In the first stage, inference on a model (s1
) to detect objects is performed. The s1.infer()
function call performs inference on the image, stored in the framebuffer (fb
). If any objects are detected, they're stored in candidates
.
Serial.printf("Frame capture successful!\n"); // Face detection std::list<dl::detect::result_t> &candidates = s1.infer((uint16_t *)fb->buf, {(int)fb->height, (int)fb->width, 3});
The second line runs another inference on a different model, s2
. This call uses the objects detected in the first stage to then attempt to detect faces. Faces are stored in the results
list.
std::list<dl::detect::result_t> &results = s2.infer((uint16_t *)fb->buf, {(int)fb->height, (int)fb->width, 3}, candidates);
When a face is detected, the list of results will be non-zero. The code prints that a face has been detected. The face detection boxes and landmarks are drawn to the TFT in the draw_face_boxes
function.
if (results.size() > 0) { Serial.println("Detected face!"); ... // Draw face detection boxes and landmarks on the framebuffer draw_face_boxes(&rfb, &results, face_id); ... }
Finally, the 240x240px frame buffer is drawn to the TFT display. Since the next iteration of loop()

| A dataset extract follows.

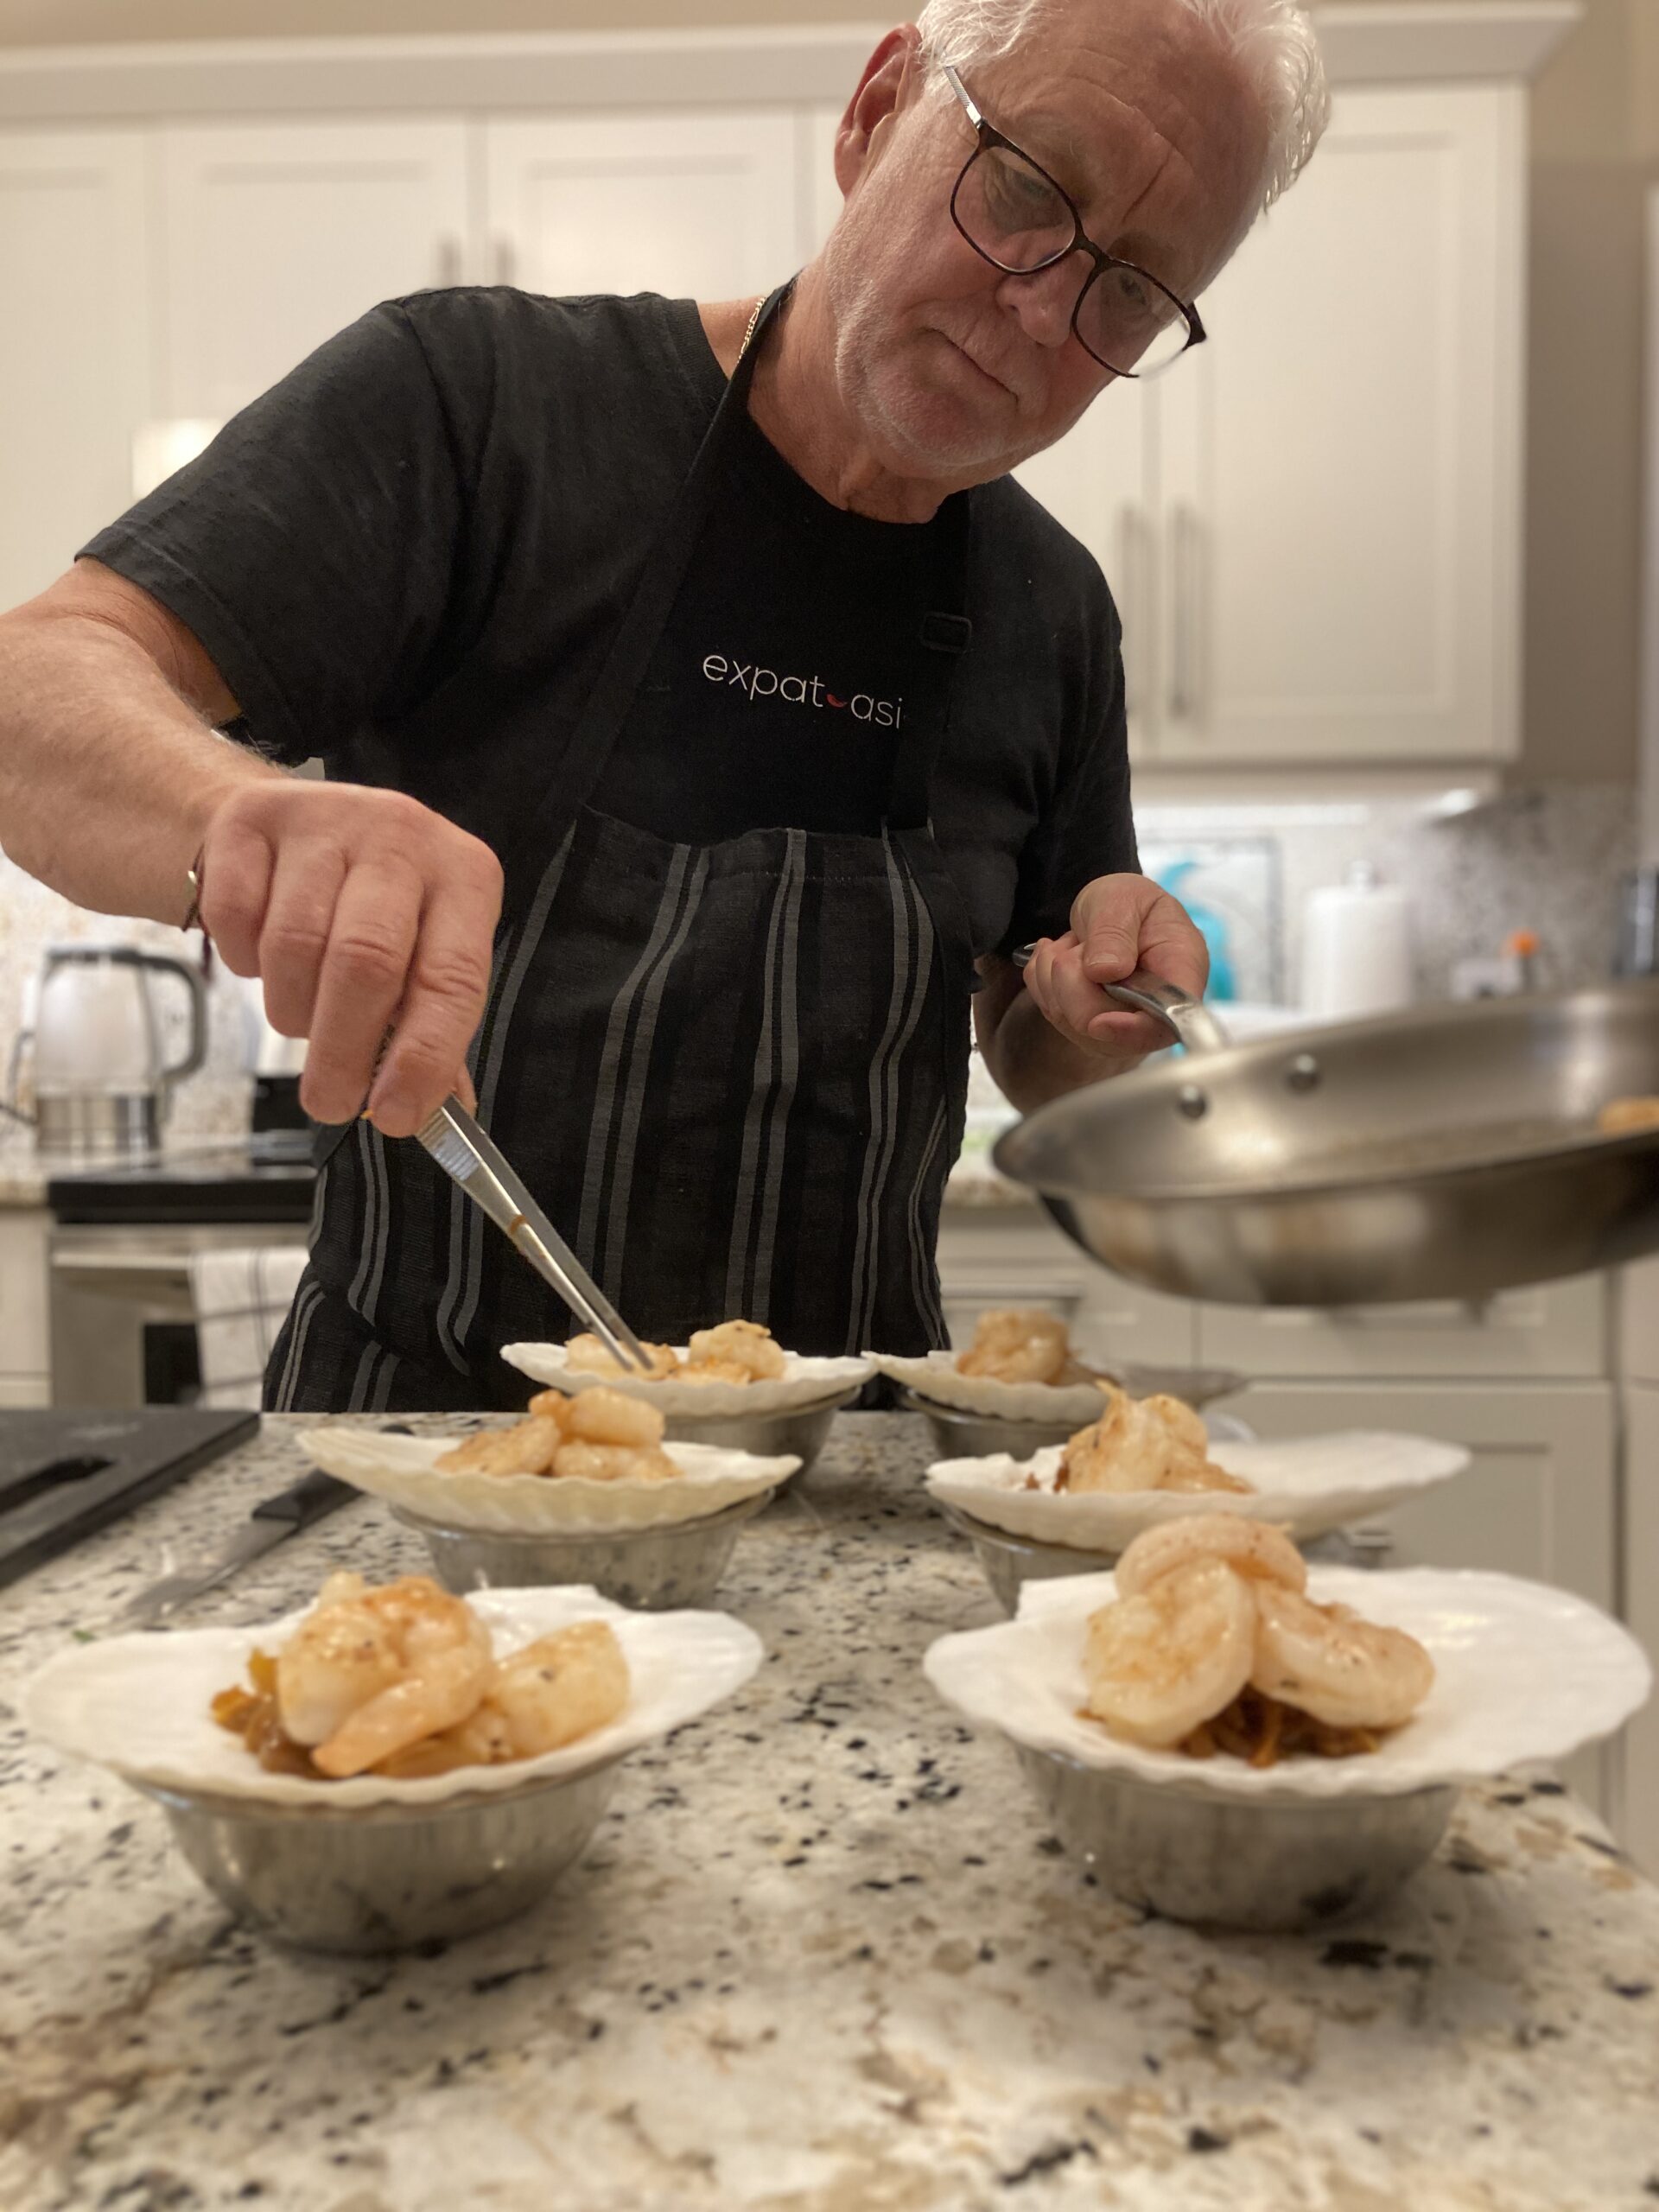 Jeff Matthews is one of the owners of Expat Asia - Catering Services in Calgary

requires the use of the frame buffer, fb
, to take a photo, we release it.
// Blit framebuffer to TFT uint8_t temp; for (uint32_t i = 0; i < fb->len; i += 2) { temp = fb->buf[i + 0]; fb->buf[i + 0] = fb->buf[i + 1]; fb->buf[i + 1] = temp; } pyCameraFb->setFB((uint16_t *)fb->buf); tft.drawRGBBitmap(0, 0, (uint16_t *)pyCameraFb->getBuffer(), 240, 240); // Release the framebuffer esp_camera_fb_return(fb);
Face Recognition
To recognize a face, the code takes a picture and performs face detection (explained above) on the frame.
... Serial.printf("Frame capture successful!\n"); // Face detection std::list<dl::detect::result_t> &candidates = s1.infer((uint16_t *)fb->buf, {(int)fb->height, (int)fb->width, 3}); std::list<dl::detect::result_t> &results = s2.infer((uint16_t *)fb->buf, {(int)fb->height, (int)fb->width, 3}, candidates); if (results.size() > 0) { Serial.println("Detected face!"); ...
A structure holding the frame buffer data, rfb
, is created and data is copied from the frame buffer (fb
) to the new structure.
int face_id = 0; fb_data_t rfb; rfb.width = fb->width; rfb.height = fb->height; rfb.data = fb->buf; rfb.bytes_per_pixel = 2; rfb.format = FB_RGB565; ...
Since face recognition is a slow operation to perform. The code only attempts it if it detected a face and is enrolling the face, or if a face was previously enrolled. The run_face_recognition
method is called with the copy of frame buffer data and the results
from the second inference function.
if (recognizer.get_enrolled_id_num() > 0 || is_enrolling) { face_id = run_face_recognition(&rfb, &results); } ...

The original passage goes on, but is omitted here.